You will be recommended to the Executive Compensation Committee (“ECC”) for the following grants:

Time Based RSU Buy Award. A restricted stock unit award of common shares of Marvell equal to $900,000 (the “RSU”) divided by the Share Price, subject to applicable securities law restrictions. The RSU shall vest over three (3) years at the rate of 1/12 on the first quarterly anniversary of the vesting start date and 1/12th per quarter thereafter; provided that you continue to serve as an employee through each applicable vesting date.

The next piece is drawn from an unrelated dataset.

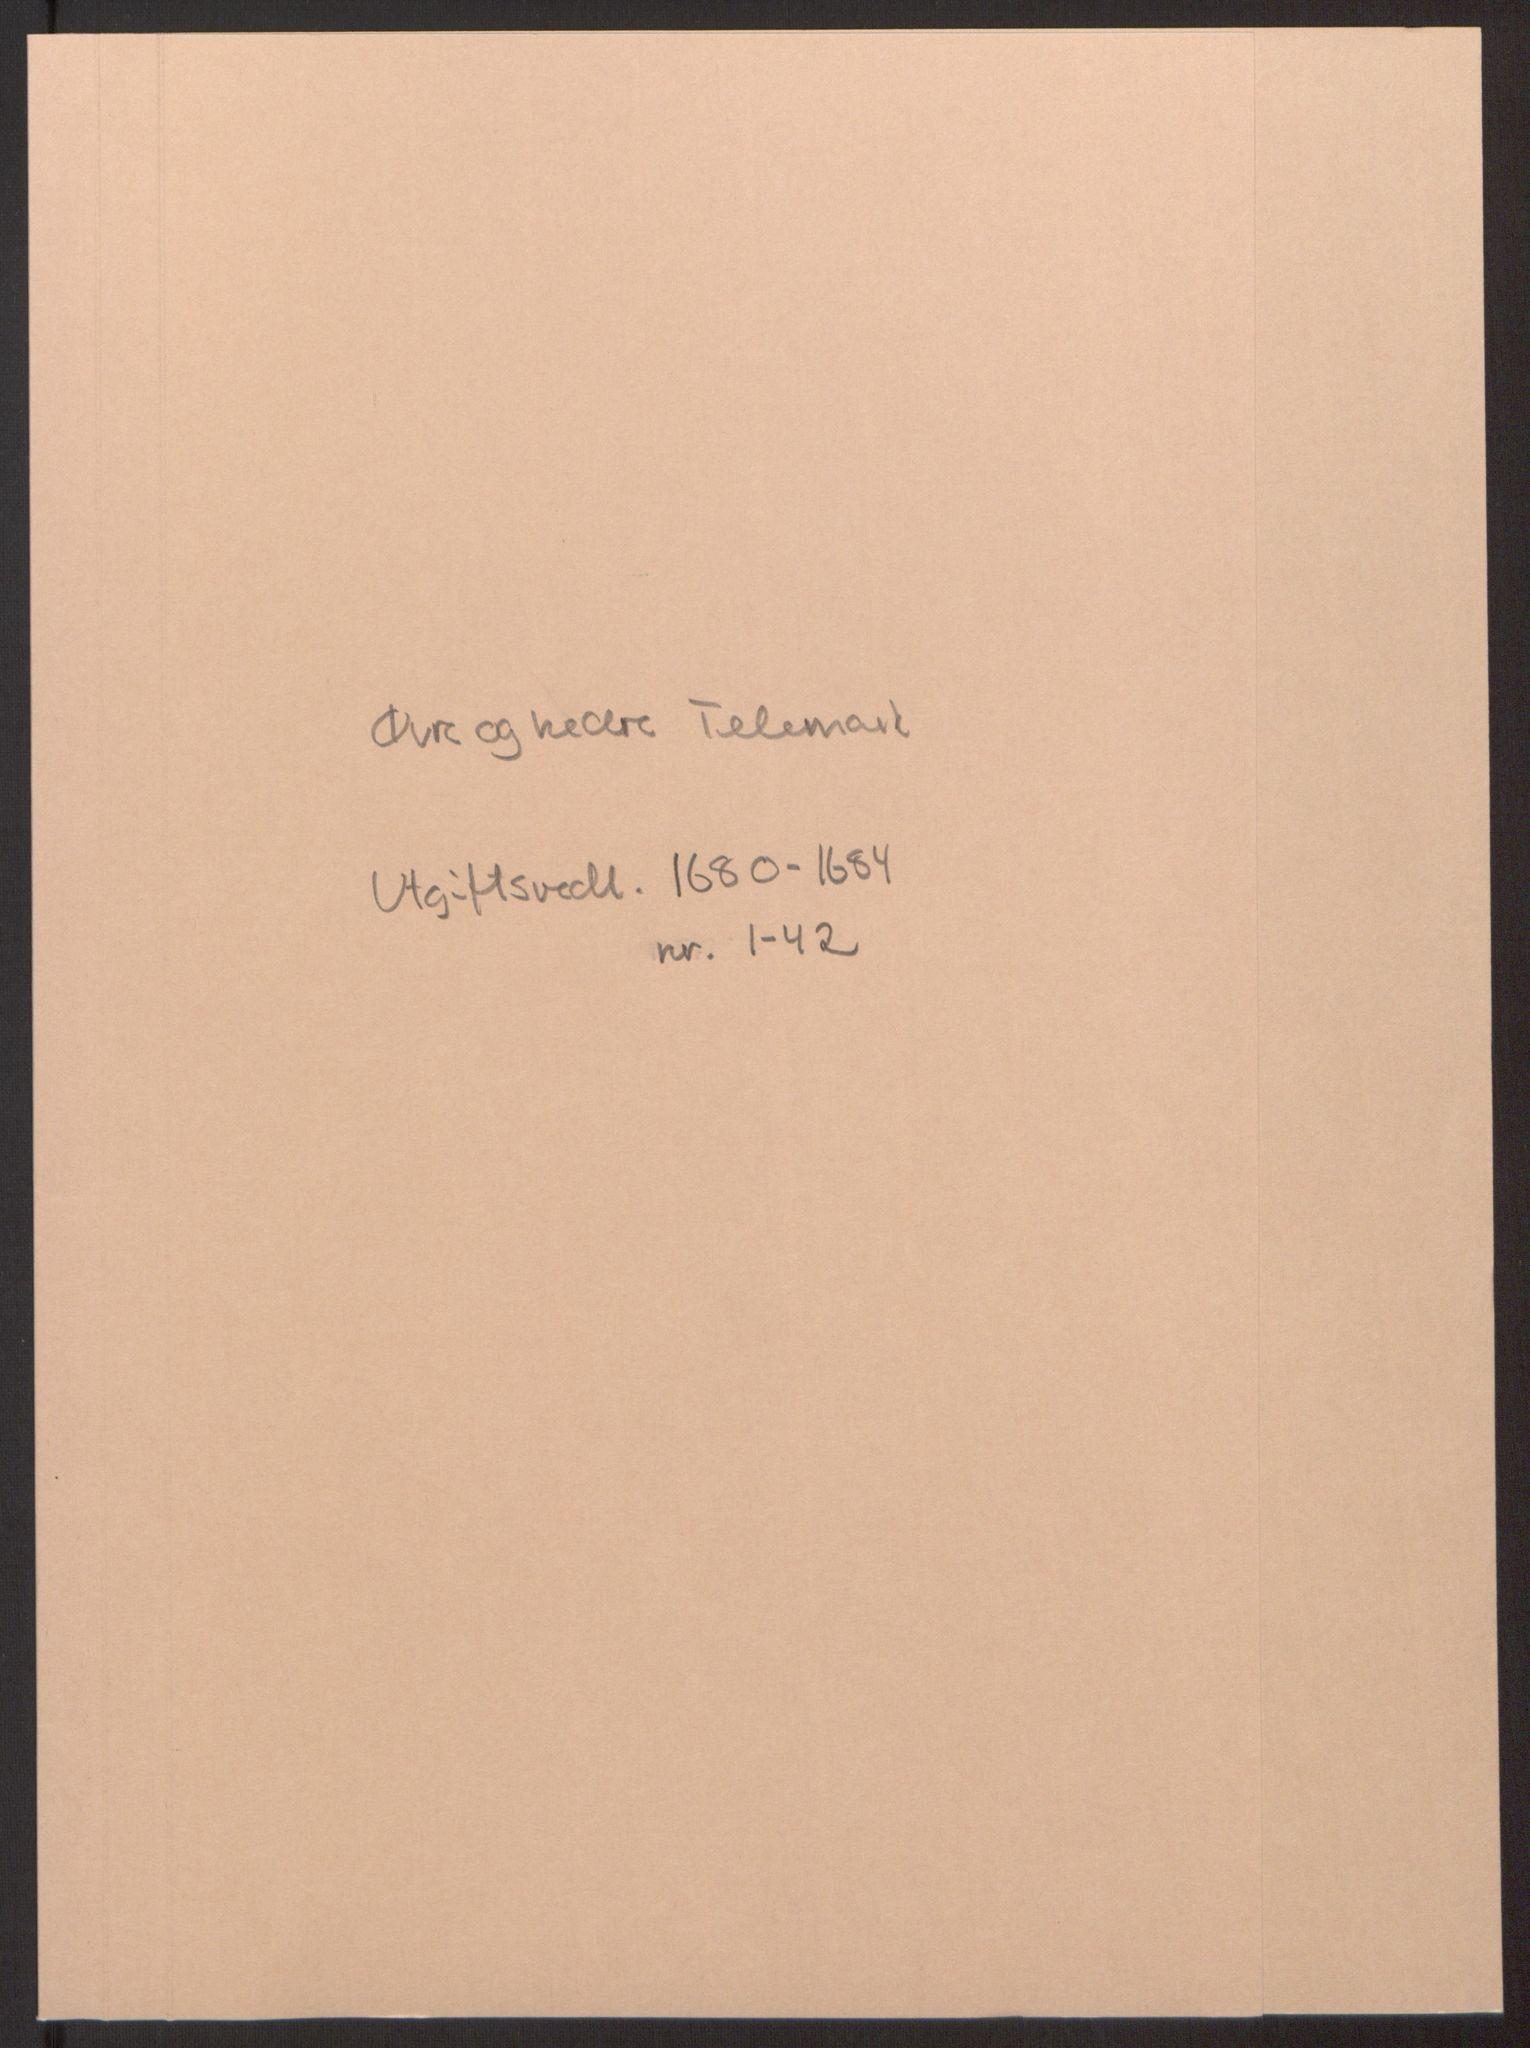 RA, Rentekammeret inntil 1814, Reviderte regnskaper, Fogderegnskap, R35/L2081: Fogderegnskap Øvre og Nedre Telemark, 1680-1684, s. 343

Performance Based RSU Award based on Total Shareholder Return. A performance-based restricted stock unit award of common shares of Marvell equal to $1,100,000 (the “TSR”) divided by the Share Price (as defined below); such amount being referred to as the target amount for this award. The TSR shall vest on the third anniversary of the date of grant, provided that you remain an employee through such vesting date. The number of shares that shall vest can range from zero to 200% of the above referenced target number based on achievement of performance objectives relating to the relative total shareholder return of Marvell 's stock as compared to the total shareholder return of other companies over the measurement period. The TSR shall be on the same terms, performance measures and payout curve as the TSR awards approved for the other executive officers in March 2021.

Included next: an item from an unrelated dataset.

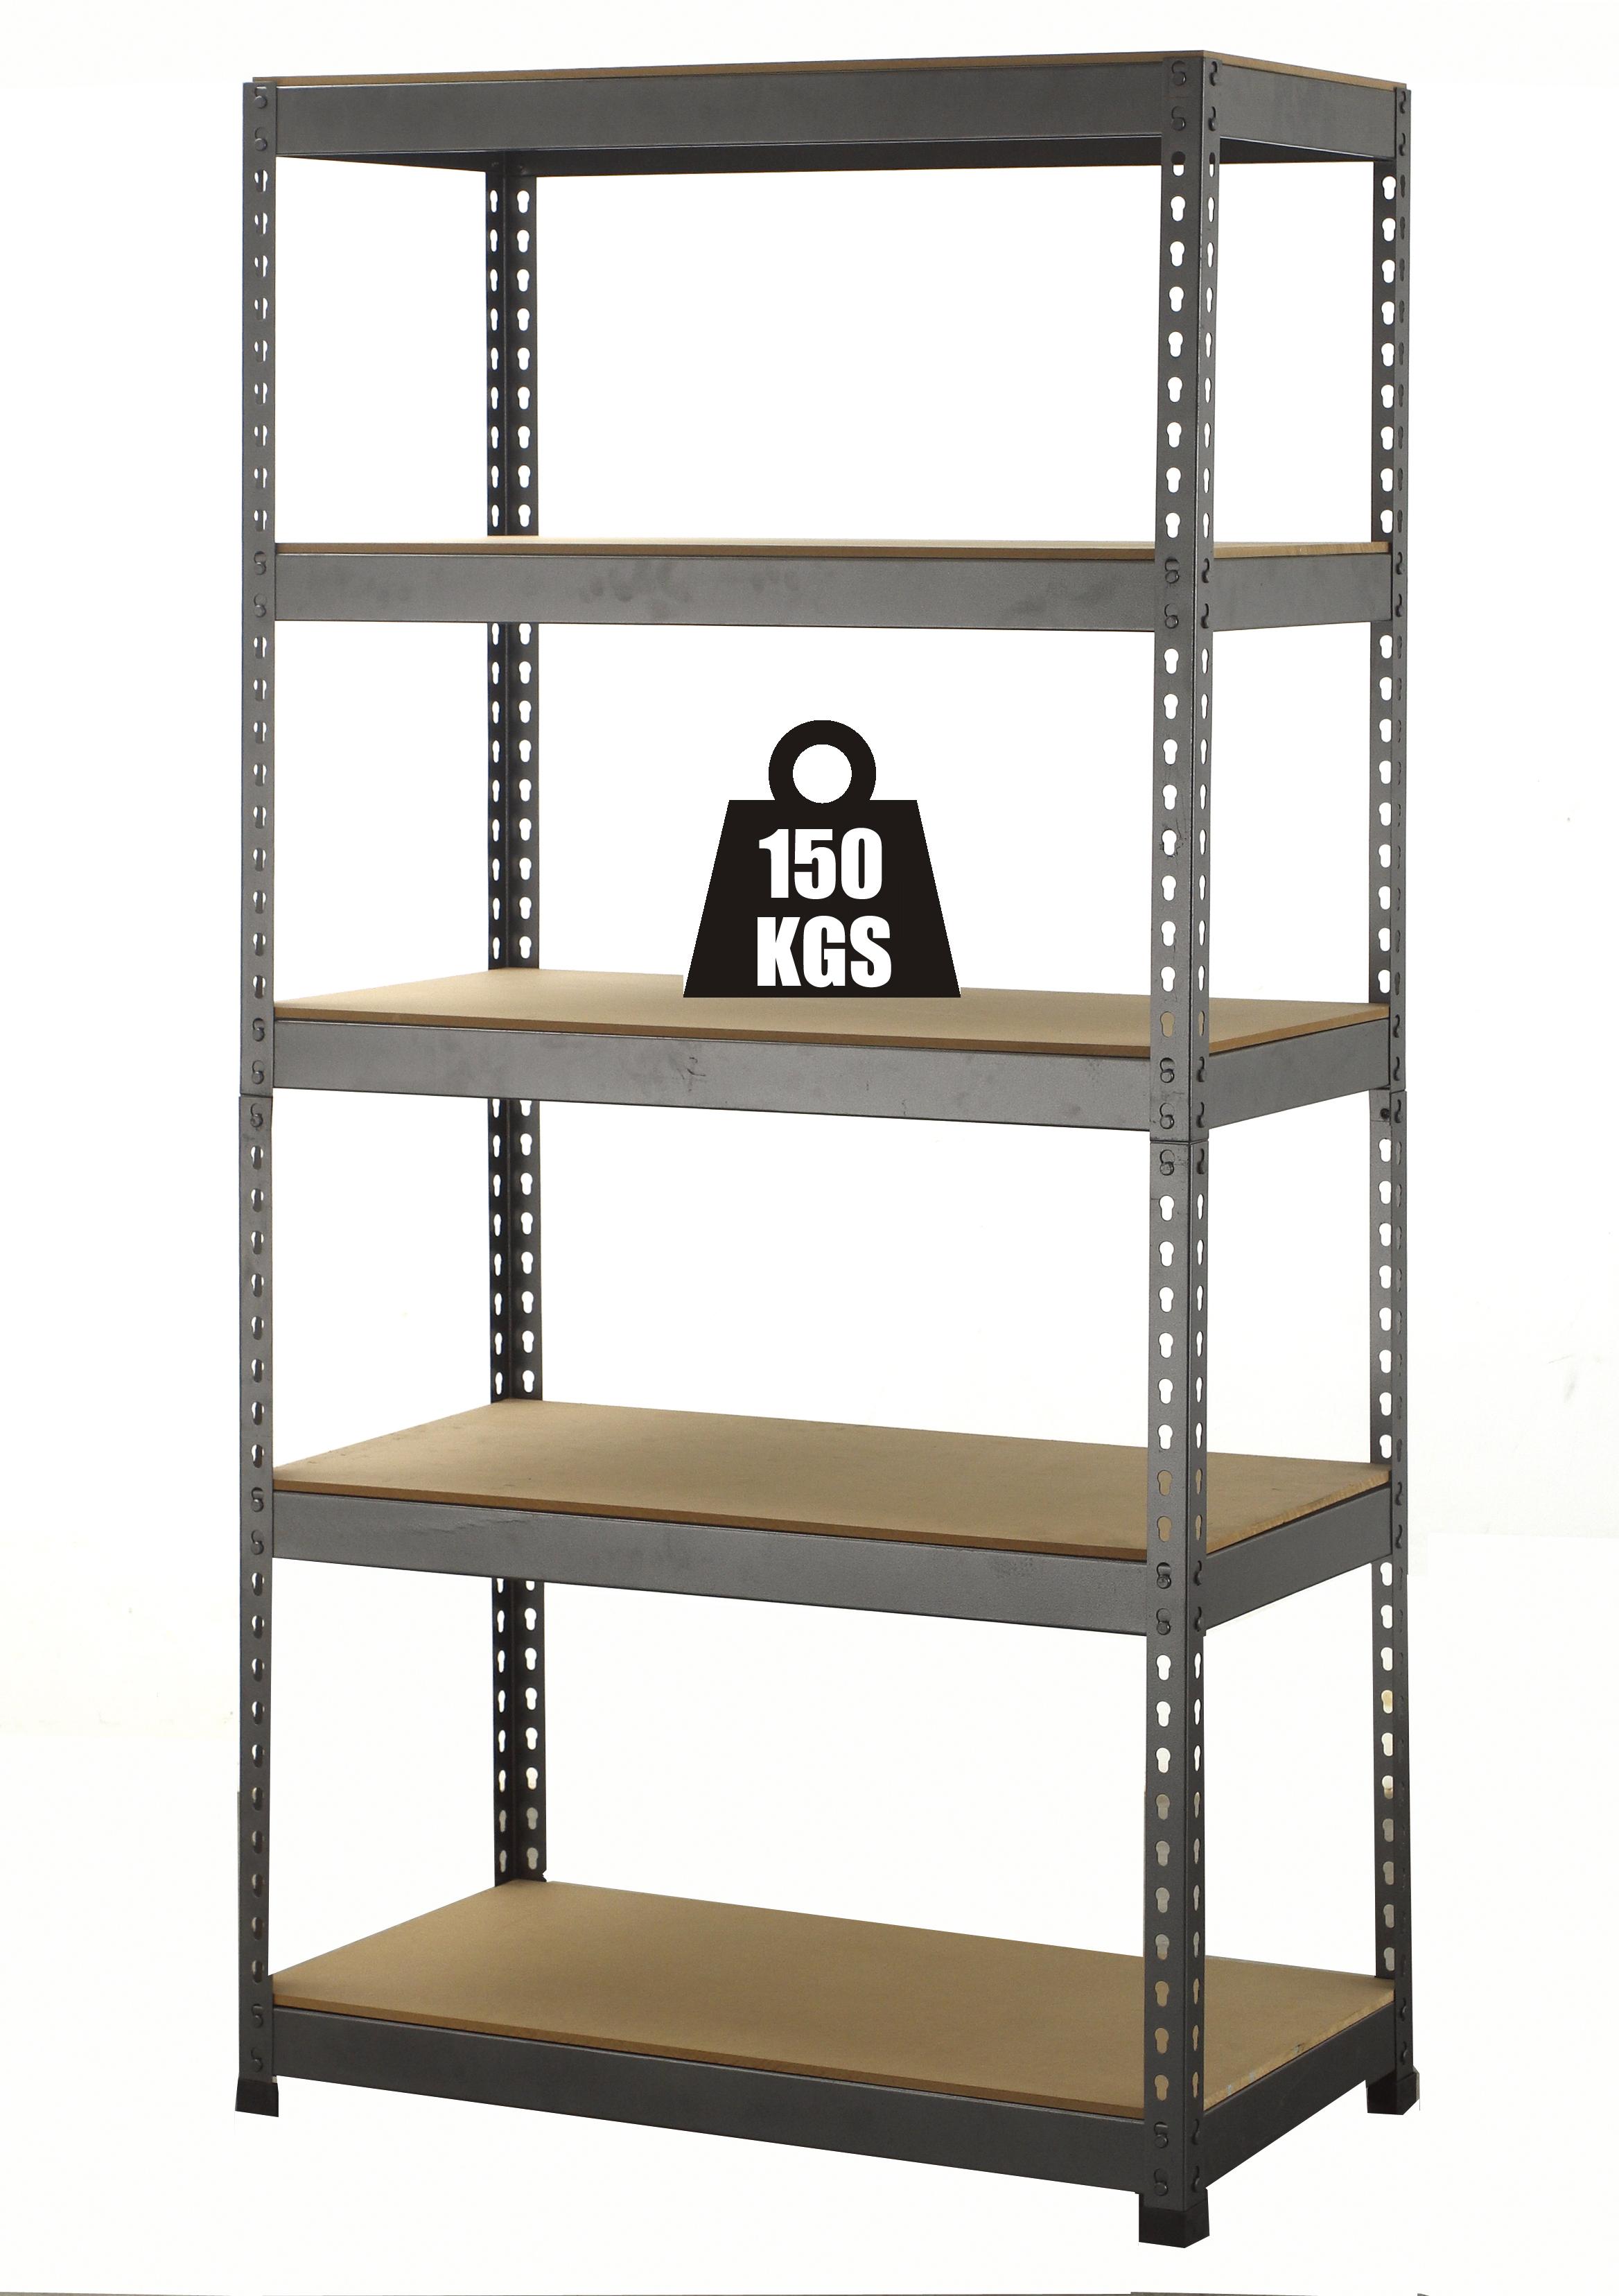 mobiletto in metallo angolare : Scaffale 5 Piani In Metallo Facile Da Montare Senza Bulloni x2 1500H

Refresh Equity Grant. The Company generally conducts its annual employee compensation review in Q1 of its fiscal year, including equity grants. With respect to the review scheduled to be conducted in March 2022, you will receive an additional equity award. It is expected that those awards will be granted on and commence vesting on April 15, 2022 and it is also currently expected that such award will consist of a combination of (i) RSUs that will vest over a three (3) year period with 1/12th vesting per quarter over the succeeding three (3) years, provided that you continue to serve as an active employee through each applicable vesting date and (ii) performance based awards. The type and mix of awards will be identical to those awarded to other employees at the executive vice president level.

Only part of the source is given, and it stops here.